I have a data.frame as below. I would like to get a list of cells that dont have even a single number or a-to-z and their frequency. How could I do that? In case of below data I want a table. In the table's first column i will have * and . These second column will show frequency of those values (1 and 2 respectively). "a*" and "21.9" wont appear because they contain at least one number or a-z
我有一个data.frame如下。我想获得一个甚至没有单个数字或a-to-z及其频率的单元格列表。我怎么能这样做?如果是以下数据,我想要一张桌子。在表的第一列中,我将有*和。这些第二列将显示这些值的频率(分别为1和2)。 “a *”和“21.9”不会出现,因为它们至少包含一个数字或a-z
sm <- matrix(c(51,".",22,"*","a*","21.9",".",22,9),ncol=3,byrow=TRUE)
smdf<-as.data.frame(sm)
1 个解决方案
#1
1
Does this provide what you are looking for?
这是否能满足您的需求?
require(plyr)
sm <- matrix(c(51,".",22,"*","a*","21.9",".",22,9),ncol=3,byrow=TRUE)

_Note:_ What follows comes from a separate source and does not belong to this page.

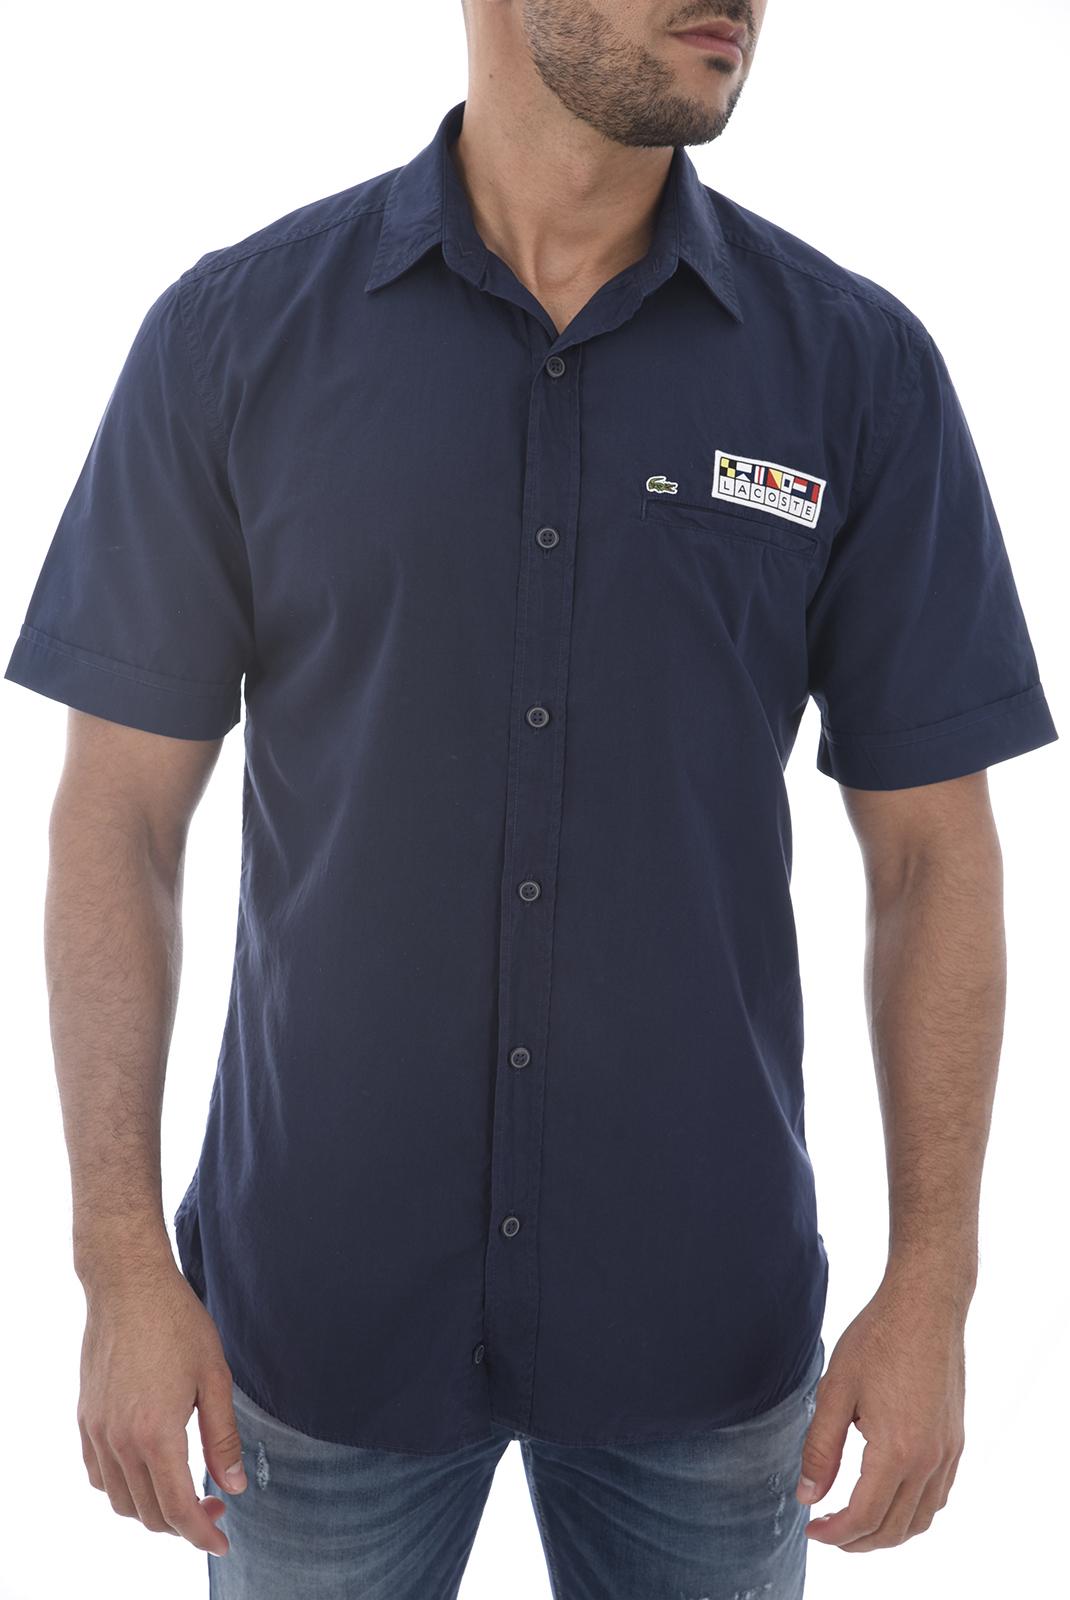 Chemises manches courtes  Lacoste CH6115 166 NAVY BLUE

count(sm[!grepl("[[:alnum:]]", sm)])
x freq
1 * 1
2 . 2
If you want to also exclude the NA and spaces, you can easily just add the appropriate conditions to the filter. As a side note, I am fairly certain a more elegant regex could solve this without the extra parameters but my regex skills are in progress. Will update if I manage to figure out such a thing.
如果您还要排除NA和空格,您可以轻松地向过滤器添加适当的条件。作为旁注,我相当肯定一个更优雅的正则表达式可以解决这个没有额外的参数,但我的正则表达式技能正在进行中。如果我设法找出这样的事情,将会更新。
sm <- matrix(c(51,".",22,"*","a*","21.9",".",22,9, " ", NA, 13),ncol=3,byrow=TRUE)
count(sm[!grepl("[[:alnum:]]", sm) & !is.na(sm) & sm != " "])
x freq
1 * 1
2 . 2
However, if there is a specific list of characters you wish to count you can always make a vector of the characters and count only those. This doesn't require the extra 'space' and 'NA' components.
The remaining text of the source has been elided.